100 things to do this winter

The local newspaper has a nifty-neato list of 100 things to do this winter. I think the original idea is to put together a survival guide to slog your way through the long, dark, cold days but, ever the optimist, I actually enjoy winter and try not to see it as a burden. At least that’s what I think this time of year. Ask me again in February and I might be singing a different tune.

I’ll strike off what I’ve already done this winter and re-visit the list occasionally to mark more and more items off.

1. Walk the dog even when it’s really cold. (it’s the best time to have an empty park all to yourself)

2. Buy a pair of gloves you can drive in.

3. Make friends with someone who owns a hot tub.

4. Light candles on the dinner table.

5. Shovel someone else’s driveway.

6. Have your coffee “for here.”

7. Use your grill because you can.

8. Put hand cream and static spray in your desk drawer.

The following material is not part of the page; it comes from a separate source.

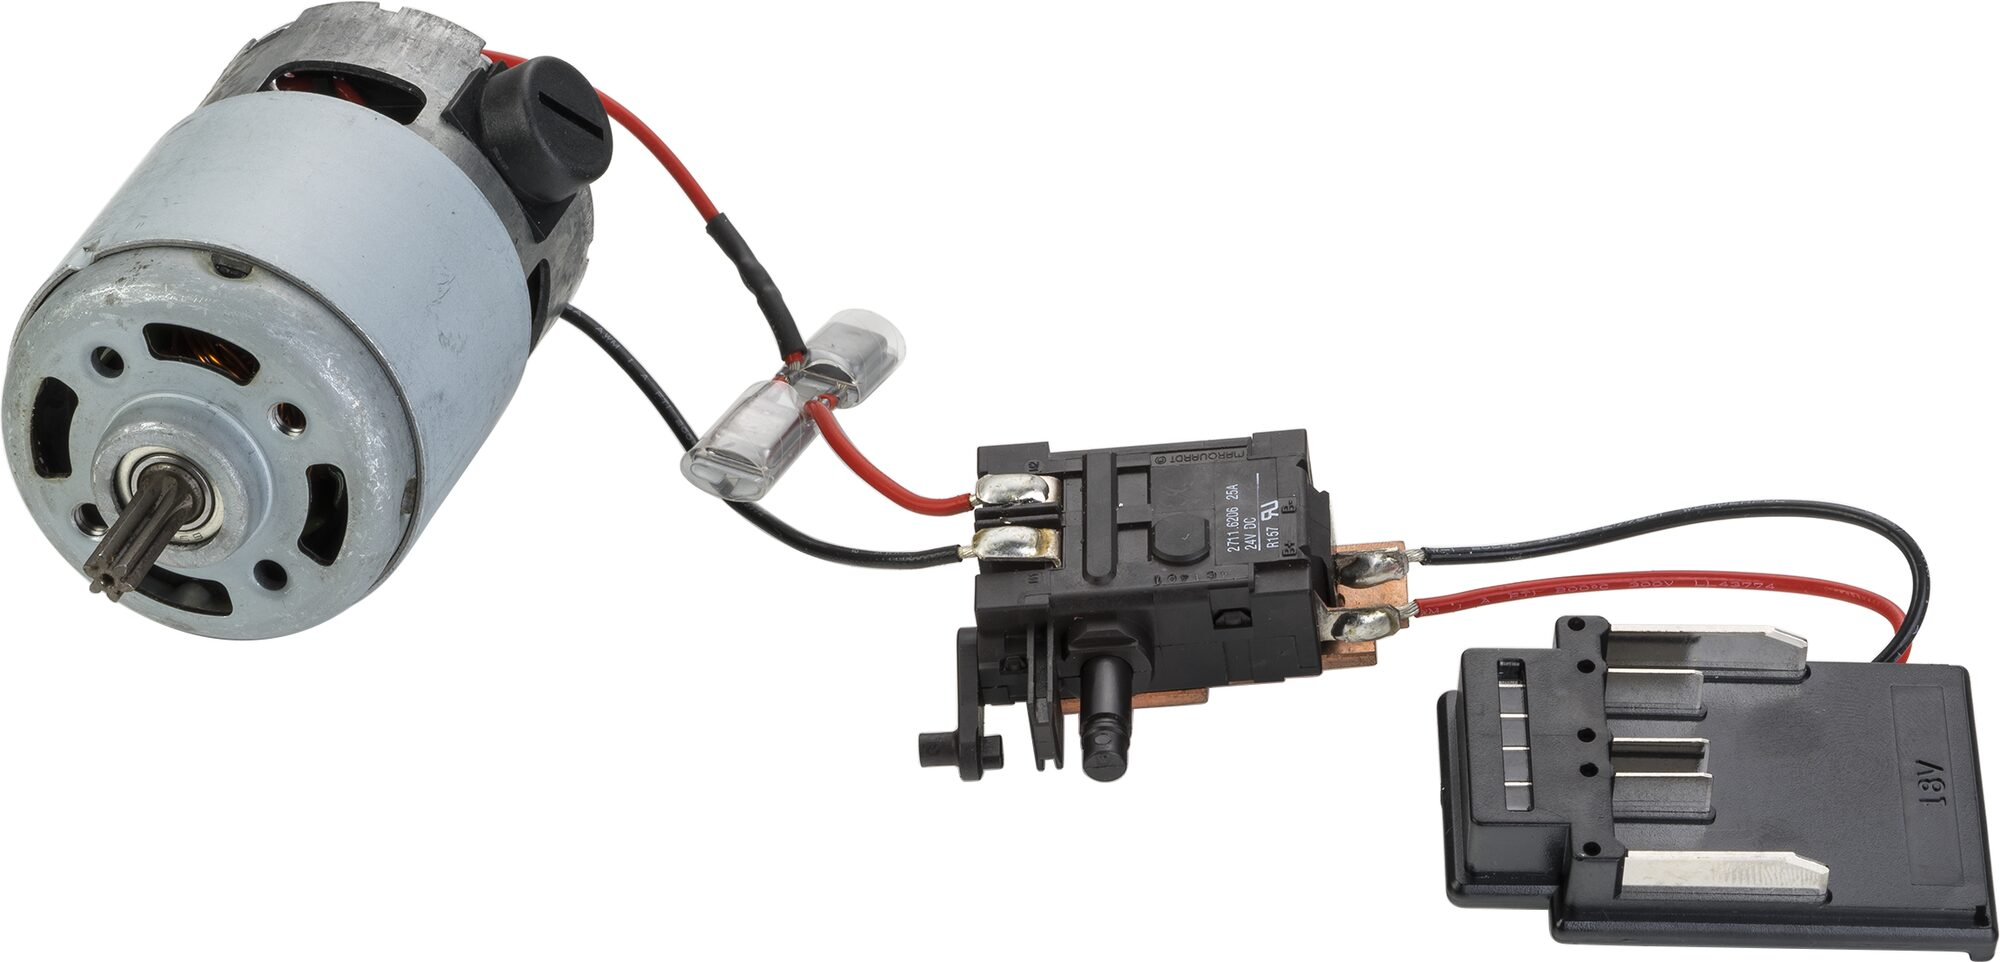 HAZET Elektronik-Betätigungsknopf 9212N-1-09/5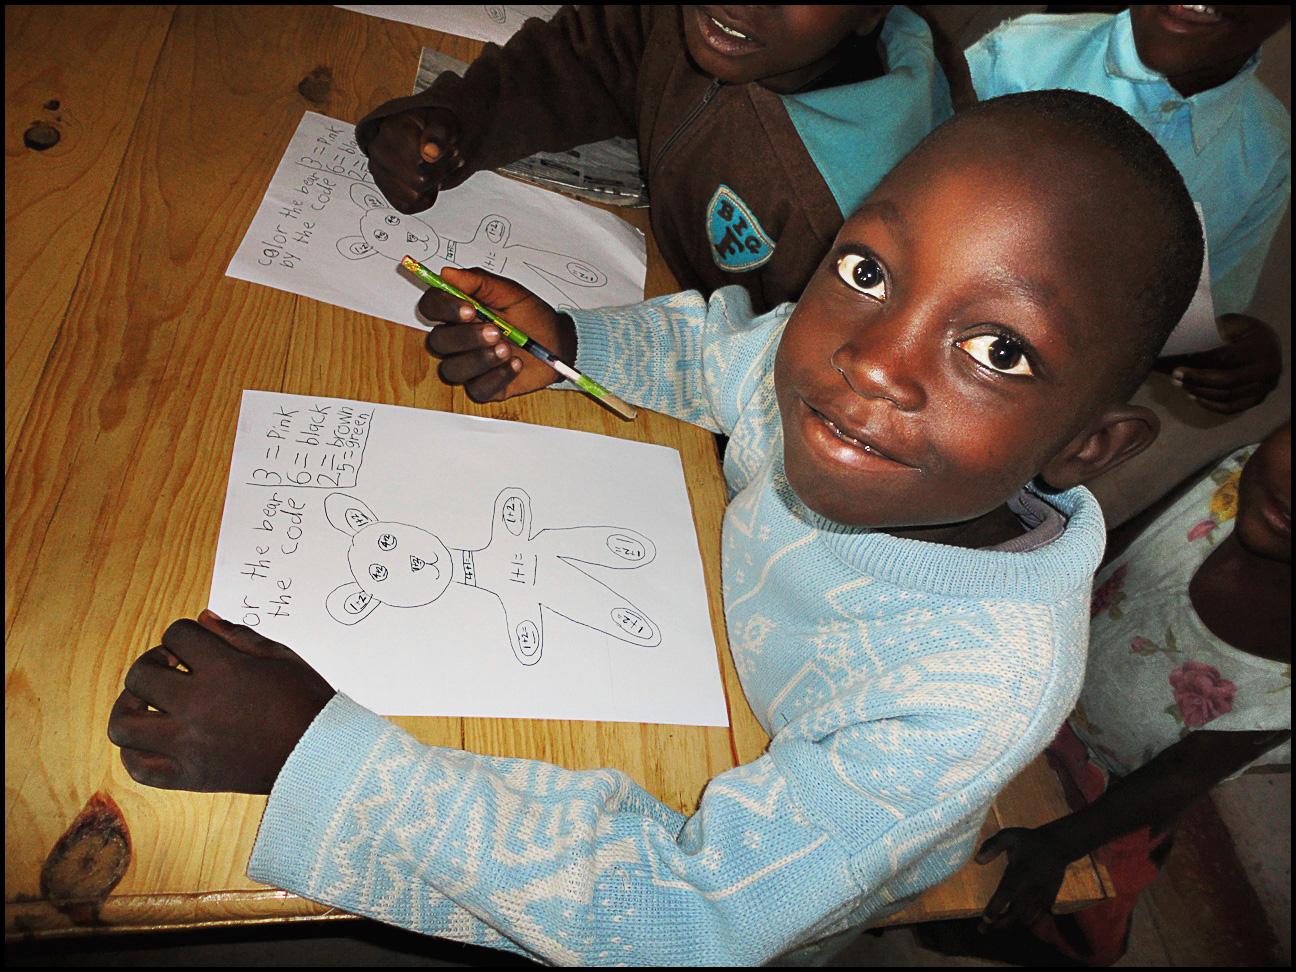 Worksheets For School Kids In Africa

9. Eat seasonal fruit: oranges, pears, pomegranate, kiwi, persimmon.

10. Snuggle.

11. If you have a truck, be ready to pull someone out of a ditch.

12. Snowball fight!

13. Know someone who owns a Santa Claus suit. You never know when you might need one.

14. Find your neighborhood sledding hill. Try it out.

15. Get one pair of soft, warm long underwear.

16. Plant an amaryllis.

17. Ice skate on Westchester Lagoon.

18. Have a bonfire.

19. Invest in a warmer jacket than you think you need.

20. Snowshoe along a frozen stream.

21. Drive east and admire the star on the mountain.

22. Auto-start.

23. Use a humidifier. (don’t need one in this snug-as-a-bug 5-star house)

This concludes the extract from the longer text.